Second, digital tools will create new opportunities and challenges. Virtual engagement can increase access. But it can also deepen divides if not done thoughtfully. The groups that succeed will blend digital convenience with the relationship-building that still requires face-to-face connection.
Third, the next generation of community leaders will push harder for structural change. Not just better service delivery. They'll challenge groups to address systemic inequalities. Not just improve access within existing systems.
Margaret Taribo's two decades of experience point towards a future where bridges between groups and communities aren't exceptional.
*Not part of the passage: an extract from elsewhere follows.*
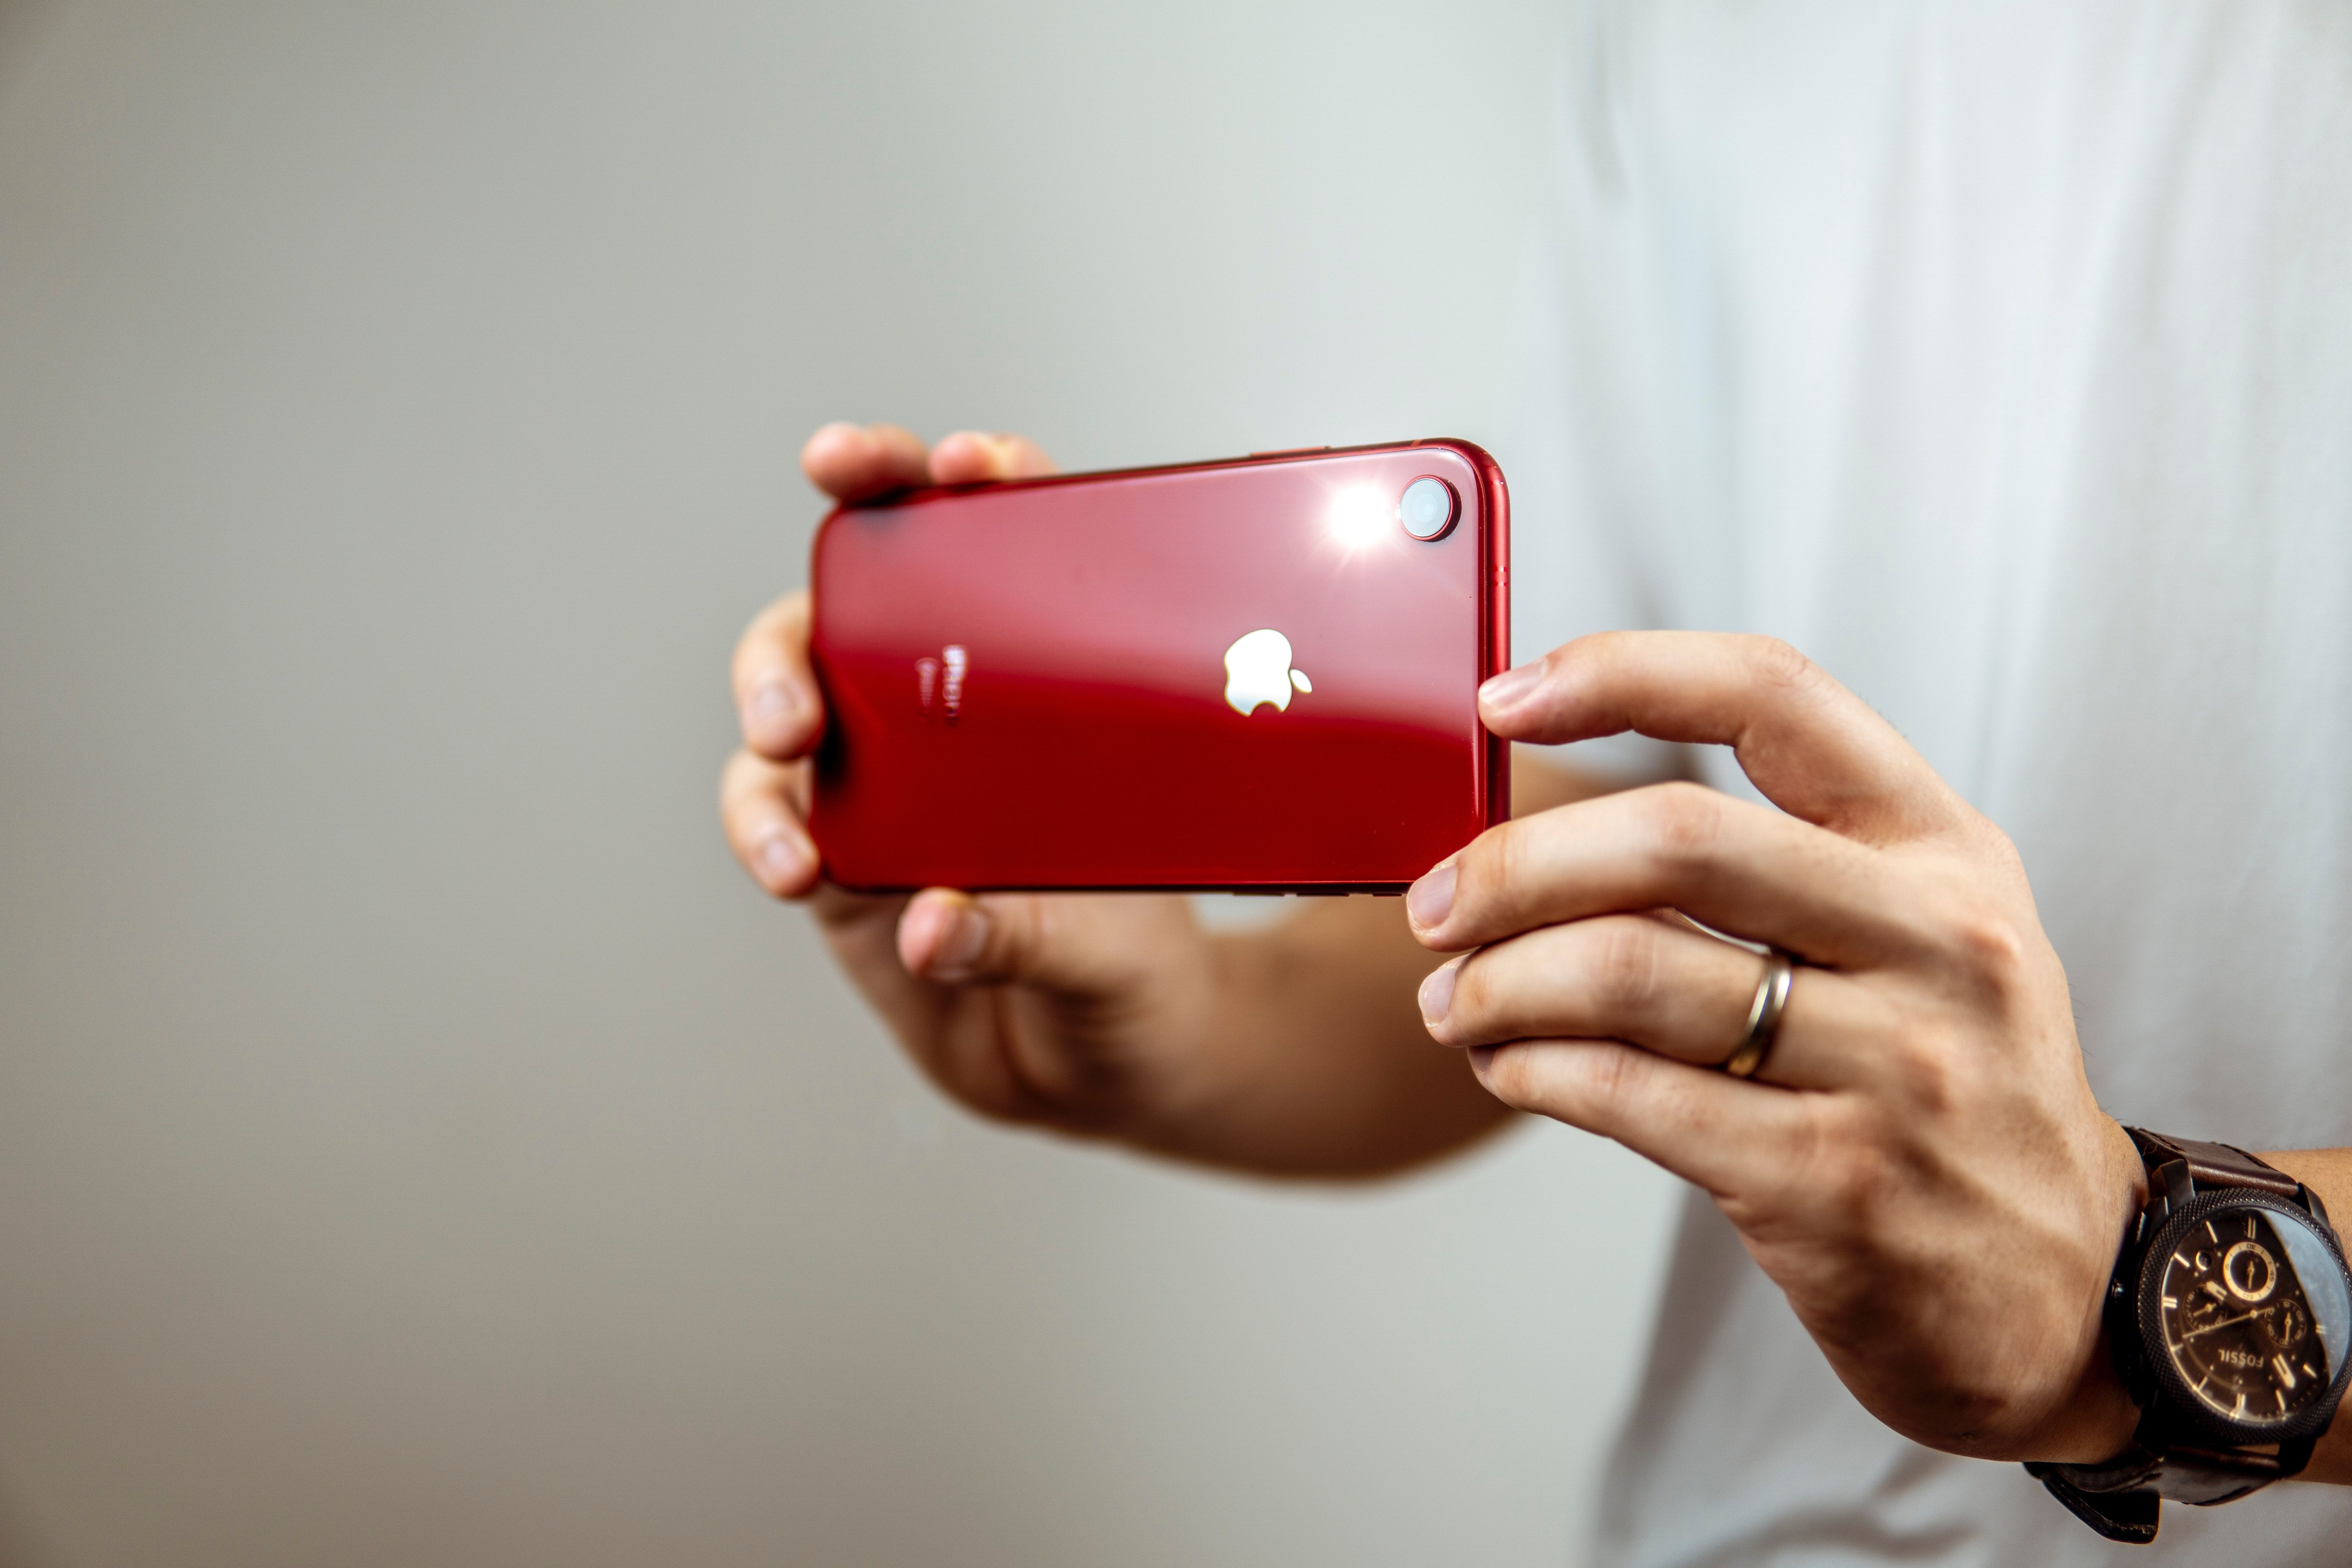 photo of someone taking a picture with a red iphone

They're expected. Where cultural knowledge isn't a speciality. It's standard practice. Where BAME communities aren't consulted. They're partners.
That future won't arrive automatically. It requires leaders willing to do the sustained, relationship-focused work that Margaret has modelled. It requires groups brave enough to genuinely share power. It requires communities willing to engage with bodies that haven't always earned their trust.
But the outcomes make the effort worthwhile. Families thriving. Communities flourishing. Groups genuinely serving everyone.
The bridge is there. We just need more people willing to cross it. Strengthen it. And ensure it carries traffic both directions.
The gap between groups and BAME communities won't close itself. But with approaches like Margaret Taribo's—grounded in authentic relationship-building, cultural knowledge, and sustained commitment—we can build bridges strong enough to last.